Basic graph section template is depicted below:

{
    "model_config_list": [...],
    "mediapipe_config_list": [
    {
        "name":"mediaDummy",
        "base_path":"/mediapipe/graphs/",
        "graph_path":"graphdummyadapterfull.pbtxt",
        "subconfig":"subconfig_dummy.json"
    }
    ]
}

Basic subconfig:

{
    "model_config_list": [
        {"config": {
                "name": "dummy",
                "base_path": "/models/dummy",
                "shape": "(1, 10)"
            }
    }
    ]
}

Nodes in the MediaPipe graphs can reference both to the models configured in model_config_list section and in subconfig.

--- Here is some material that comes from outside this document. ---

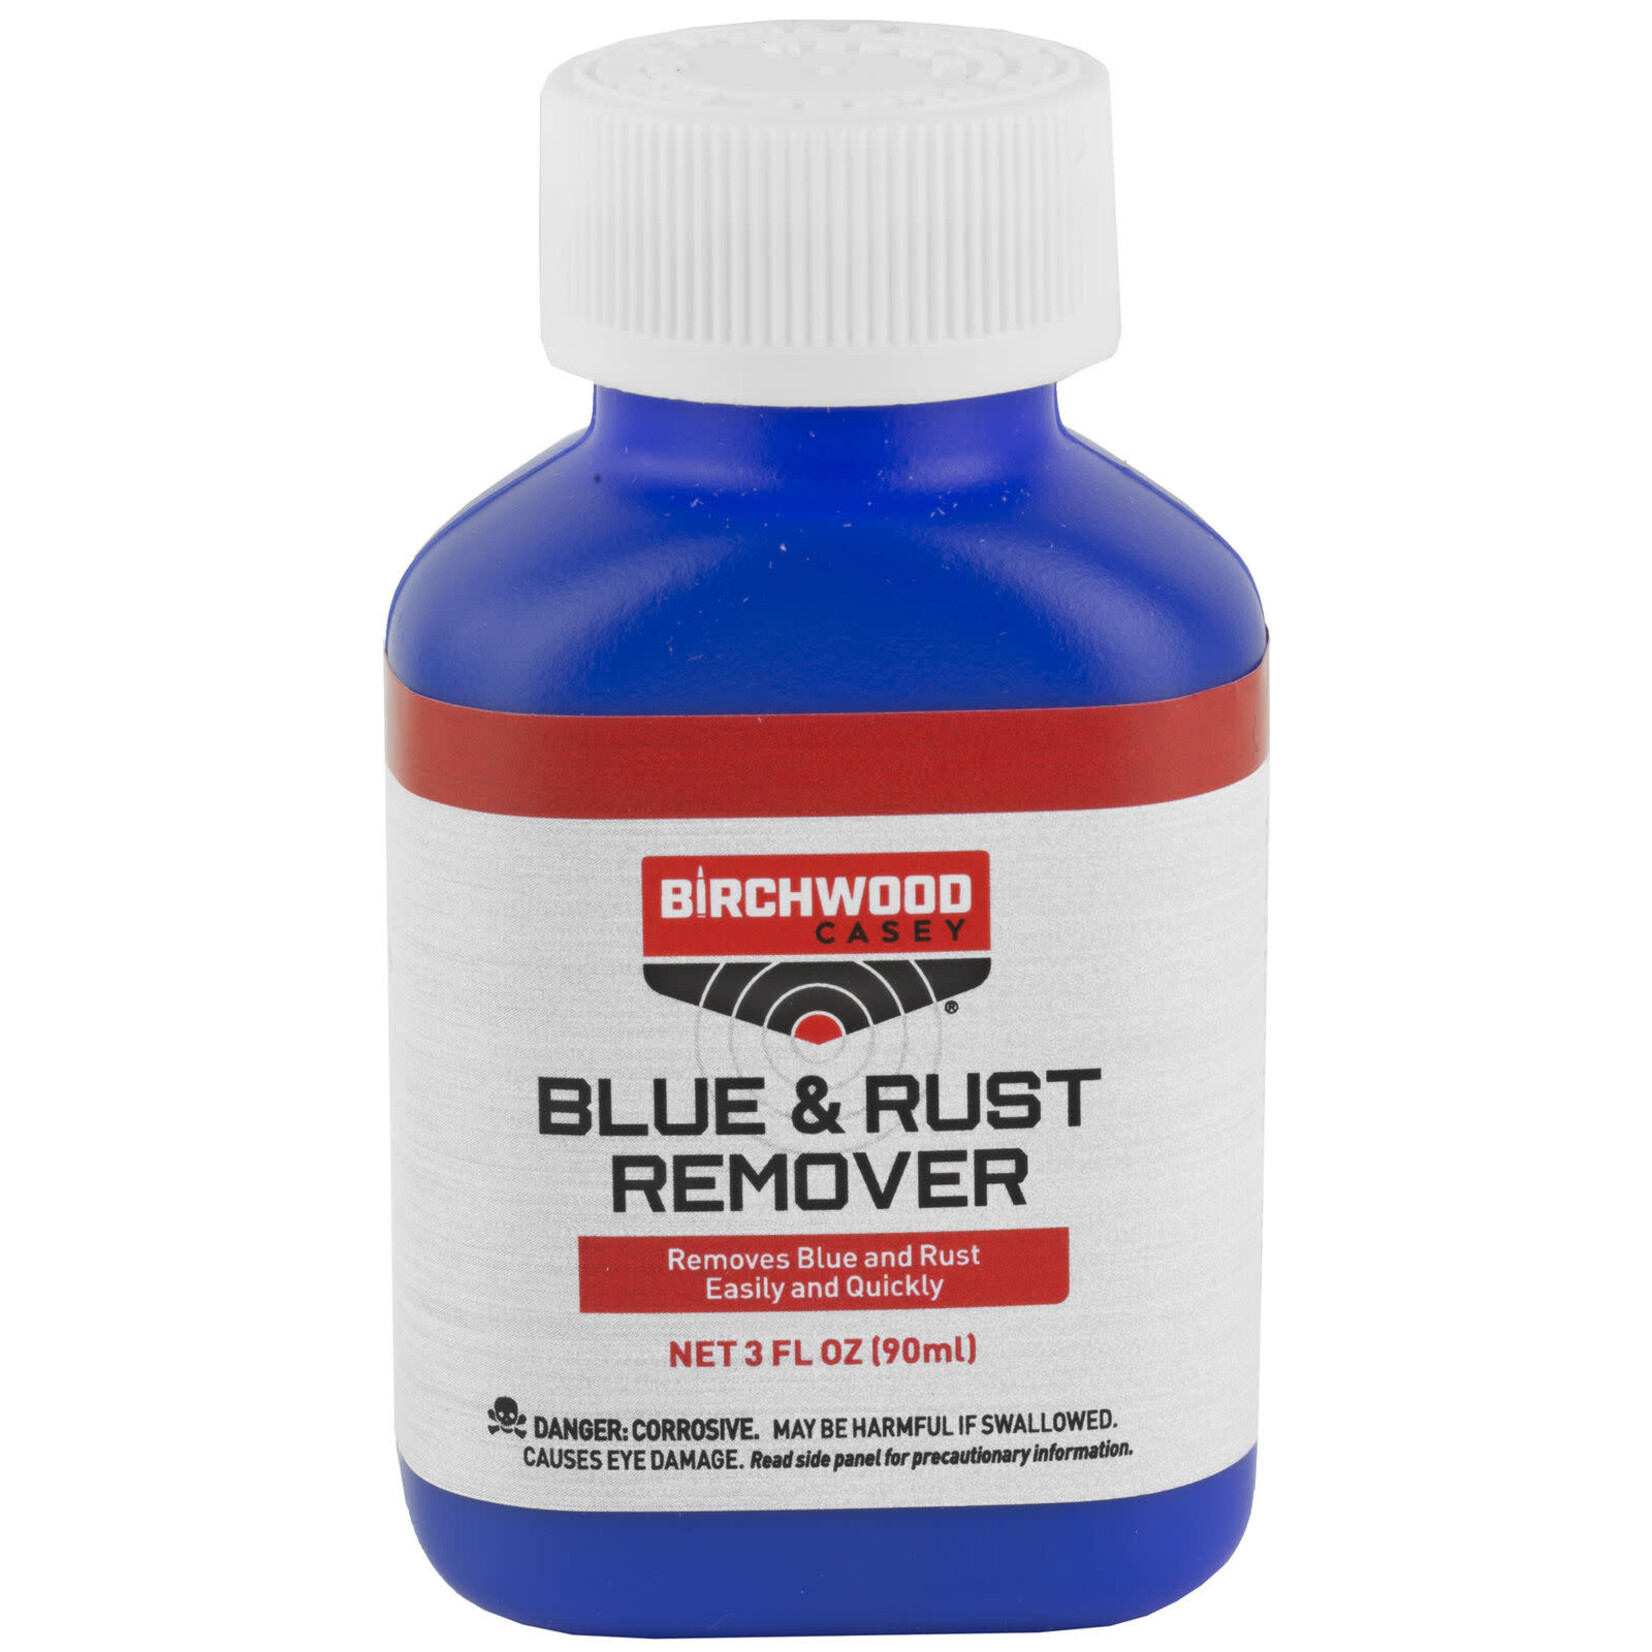 Birchwood Casey Birchwood Casey Blue & Rust Remover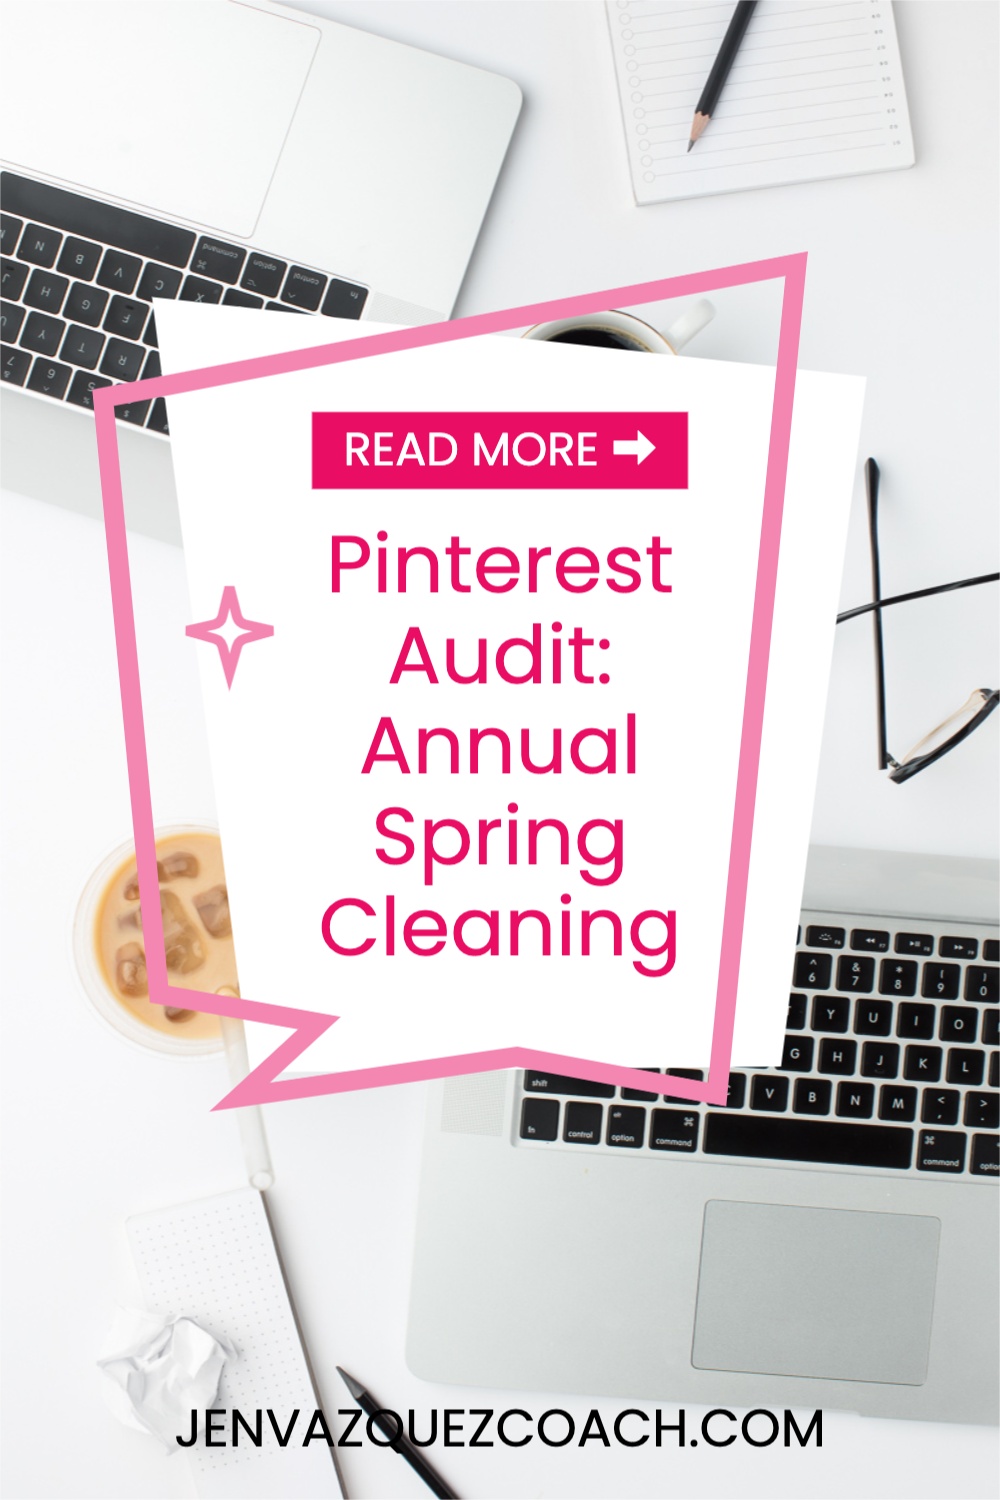 Spring Clean your Pinterest Profile - by Jen Vazquez Pinterest Marketing Strategist

MediaPipe configuration options explained

Option

Type

Description

Required

"name"

string

Graph identifier related to name field specified in gRPC/REST request

Yes

"base_path"

string

Path to the which graph definition and subconfig files paths are relative. May be absolute or relative to the main config path. Default value is “(main config path)"

No

"graph_path"

string

Path to the graph proto file. May be absolute or relative to the base_path. Default value is “(base_path)graph.pbtxt”. File have to exist.

No

"subconfig"

string

Path to the subconfig file. May be absolute or relative to the base_path. Default value is “(base_path)subconfig.json”. Missing file does not result in error.

No

Subconfig file may only contain model_config_list section - in the same format as in models config file.

Using Mediapipe

MediaPipe graphs can use the same KServe Inference API as the models. There are exactly the same calls for running the predictions. The request format must match the pipeline definition inputs.

Graphs can be queried for their state using the calls GetModelStatus and REST Model Status

MediaPipe Graphs Examples

Image classification

Multi model

Current limitations

  • It is preview version of the MediaPipe integrations which means that its not ready to be used in production and only some of the OVMS features are supported for Mediapipe graphs.

  • Mediapipe graphs are supported only for GRPC KFS API. Only TFS calls supported are get model status and config reload.

  • Binary inputs are not supported for MediaPipe graphs.

  • Public images do not include mediapipe feature.

  • Making changes in subconfig file does not trigger config reloads. Main config changes are monitored and triggers subconfig reload even if those weren’t changed.